Durante a campanha eleitoral do ano passado, o então candidato à Presidência da República Jair Bolsonaro (PSL) prometeu rever o formato da Lei Rouanet (contra a qual já costumava tecer duras críticas). Promessa é dívida! Assim, o agora presidente eleito acaba de anunciar a primeira alteração na legislação de incentivo à cultura: redução do teto de captação de R$ 60 milhões para apenas R$ 1 milhão.

Em entrevista a uma emissora de rádio nacional, ma semana passada, Bolsonaro falou que parte da mídia apoiava o ex-presidente Lula e também a Lei Rouanet, mas que agora o governo colocaria uma ‘trava’ na legislação. Hoje, cada proponente pode captar até R$ 60 milhões por ano para até 16 projetos. O presidente disse que fechou a definição do teto em R$ 1 milhão com o ministro da Cidadania Osmar Terra, responsável pela Secretaria Especial da Cultura.

O artista plástico Júnior Misaki diz não ter grandes perspectivas com relação ao futuro imediato das políticas de incentivo à arte. “É uma vergonha como esse governo trata a cultura. O Ministério da Cultura (nesta gestão) também aboliu pequenos projetos”, disse. Para ele, a Lei Rouanet precisa ser reavaliada sim, mas a redução de R$ 60 milhões para R$ 1 milhão representa um desrespeito.

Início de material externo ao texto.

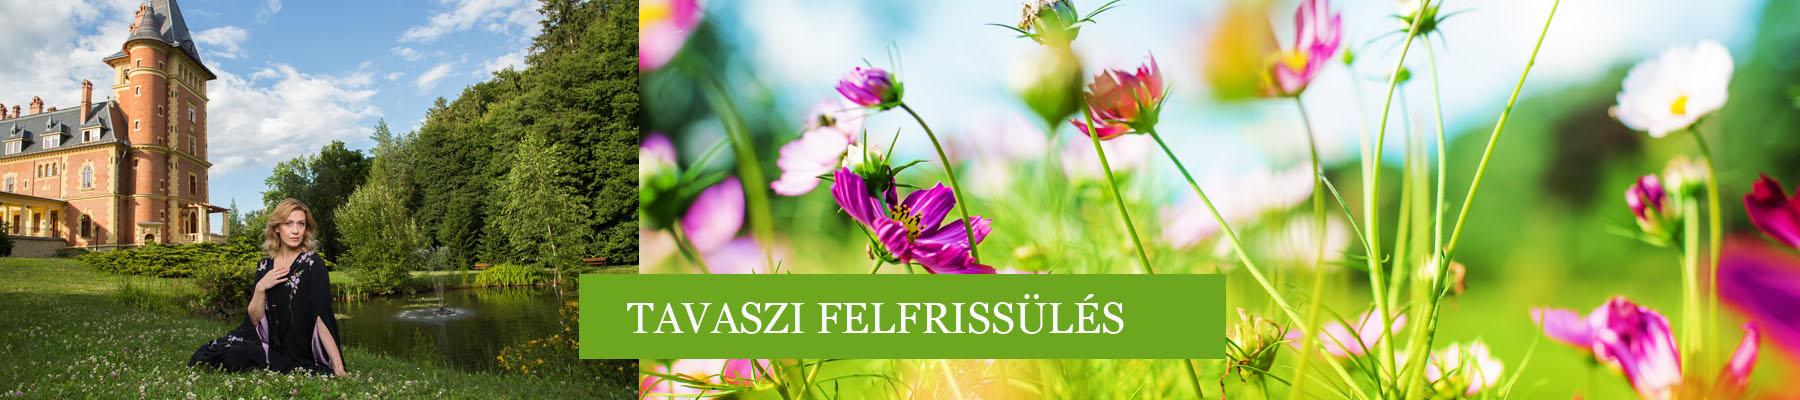 tavasz_2019_kastely_itthon-1
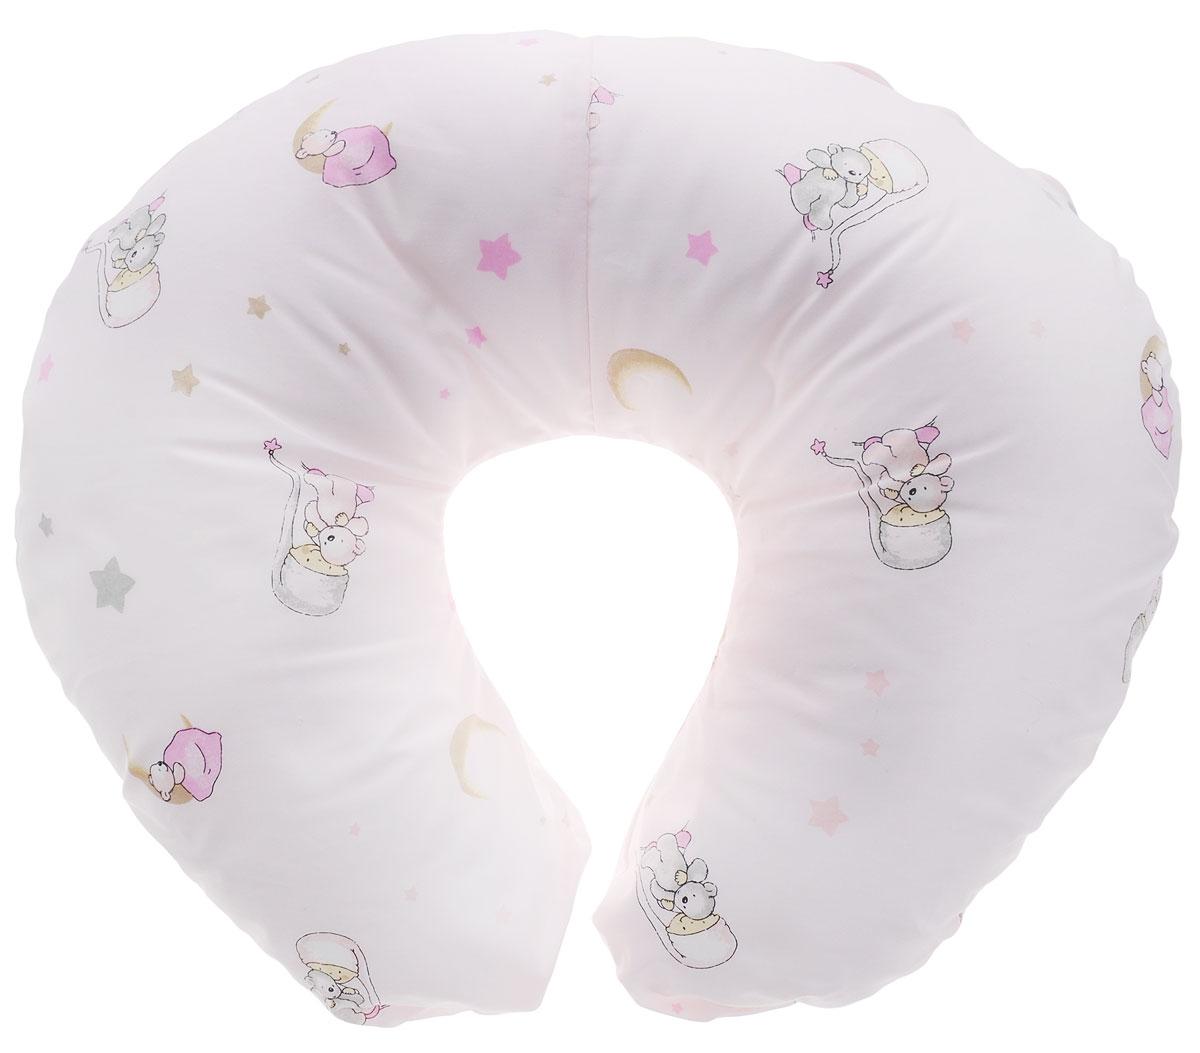 Plantex Подушка для кормящих и беременных мам Comfy Small Мишка и Луна цвет бледно-розовый01030_мишка и лунаМногофункциональная подушка Plantex Comfy Small идеальна для удобства ребенка и его родителей. Зачастую именно эта модель называется подушкой для беременных. Ведь она создана именно для будущих мам с учетом всех анатомических особенностей в этот период. На любом сроке беременности она бережно поддержит растущий животик и поможет сохранить комфортное и безопасное положение во время сна. Подушка идеально подходит для кормления уже появившегося малыша. Позже многофункциональная подушка поможет ему сохранить равновесие при первых попытках сесть. Чехол подушки выполнен из 100% хлопка и снабжен застежкой-молнией, что позволяет без труда снять и постирать его. Наполнителем подушки служат полистироловые шарики - экологичные, не деформируются сами и хорошо сохраняют форму подушки. Подушка для кормящих и беременных мам Plantex Comfy Small - это удобная и практичная вещь, которая прослужит вам долгое время. Подушка поставляется в сумке-чехле. При использовании...

“Com o travamento da Lei Rouanet, baixando o teto para R$ 1 milhão, o setor cultural terá uma grande perda. Esse teto vai dificultar muito os eventos que dependem dessa lei, tirando de circuito uma parte desse setor que gera impostos, emprega e move nossa economia. Isso é lamentável”, disse o cineasta Marcus Vilar, autor de ‘A canga’ e ‘A Árvore da Miséria’.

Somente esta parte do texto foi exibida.